Товарищ песня, То-ва-рищ пес-ня!..

Я сразу понял, что тут происходит.

Тут происходило прямое нарушение субординации. Евгений Долматовский, минуя главную редакцию, то есть меня, подсунул генеральному директору студии свой киносценарий "Товарищ песня", и, чтобы как-то оправдать этот поступок, привел с собою композитора, уже написавшего музыку к песенным текстам: мол, пришли не к генеральному директору, а к профессиональному музыканту, который в молодости играл на трубе.

Но мне сейчас было наплевать на это ущемление моих должностных полномочий.

Я наклонился к Сурину и сказал вполголоса:

- Хрущева сняли.

Гендиректор не вздрогнул, не вскинулся, не поднял на меня взгляд, не повел плечами и никак иначе внешне не отреагировал на мое сообщение. Он продолжал слушать музыку, выгадывая драгоценные секунды для того, чтобы дать безошибочный ответ на мои слова, - вот что значила многолетняя аппаратная выучка, - и лишь потом сказал твердо:

- Этого следовало ожидать!

Но и после этих слов он продолжал сидеть, уткнув локти в стол и обхватив ладонями крупную седую голову, глубоко задумавшись и, судя по всему, напрочь отключившись от музыки.

Я пошел к двери, но Долматовский, углядев немую сцену, уже понял, что произошло нечто важное, ухватил меня за рукав, остановил, спросил тихо:

- Что-то случилось?

- Да, - ответил я так же тихо. - Хруща сняли.

Долматовский, молча, опять привалился к стене, поднес ко рту погасшую трубку и устремил задумчивый взгляд в окно, где, аккурат напротив, на Воробьевке, в желтой и красной пестряди осенней листвы, виднелся особняк бывшего первого секретаря ЦК КПСС и председателя Совета Министров СССР Никиты Сергеевича Хрущева.

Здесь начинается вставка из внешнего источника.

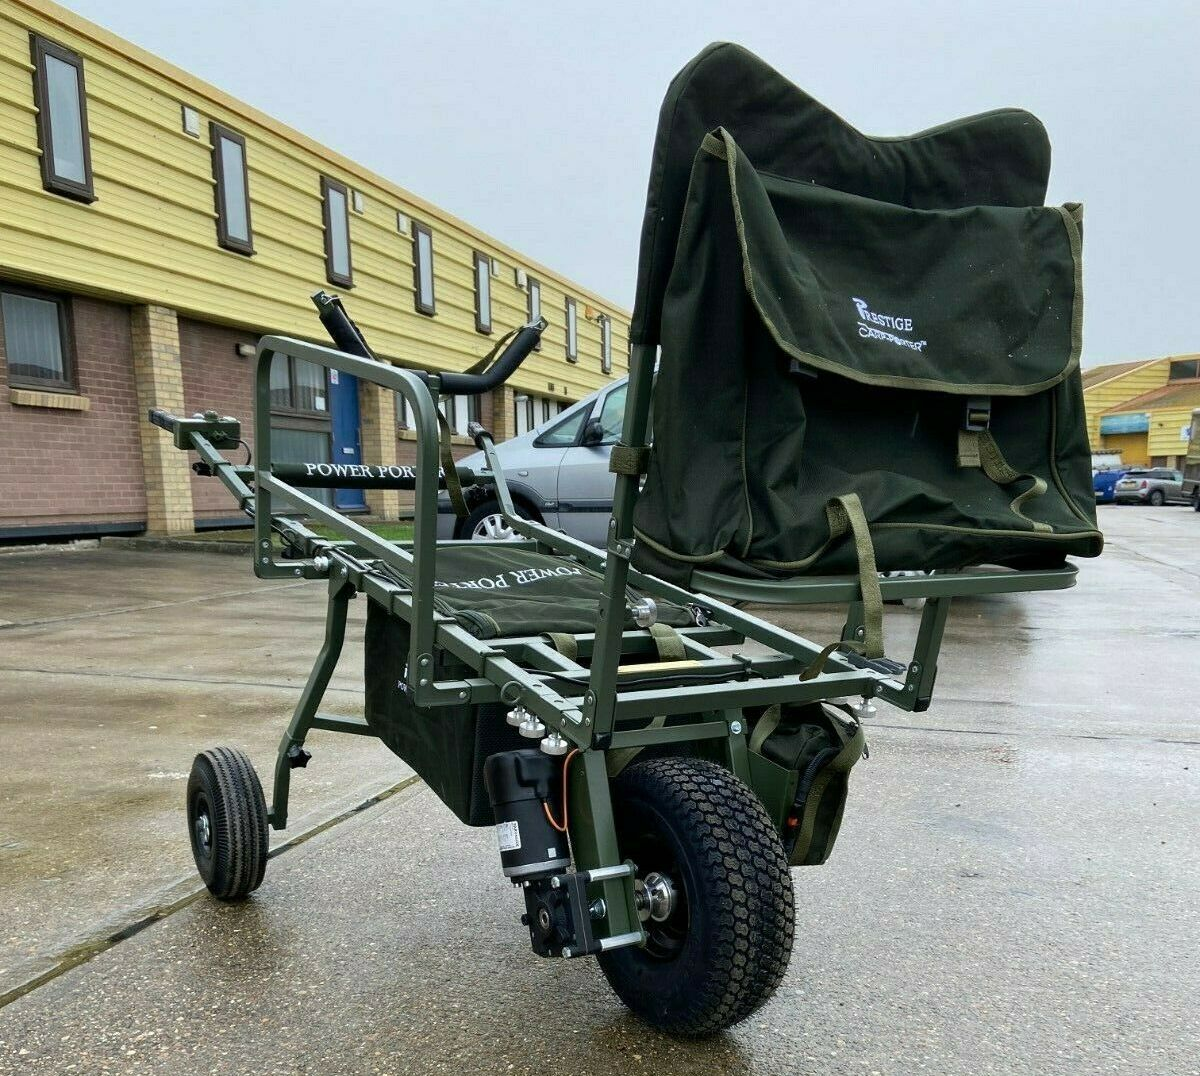 Ad - Carp Porter POWER PORTER 24V EVO MK7 On eBay here -->> https://t.co/KJiPoXvudq  #carpfish

Теперь лишь один человек в этом просторном кабинете еще ничего не знал, ничего не ведал относительно смены исторических эпох, случившейся только что, - это был композитор Оскар Фельцман, которому, наверное, очень нравился сценарий Евгения Долматовского, а еще больше нравилась музыка, которую он сочинил на стихи своего друга, и он, врубаясь в клавиатуру, продолжал самозабвенно петь:

Товарищ песня, То-ва-рищ пес-ня!..

Лишь назавтра эту новость передали по радио, в газетах появилось официальное сообщение о пленуме ЦК КПСС.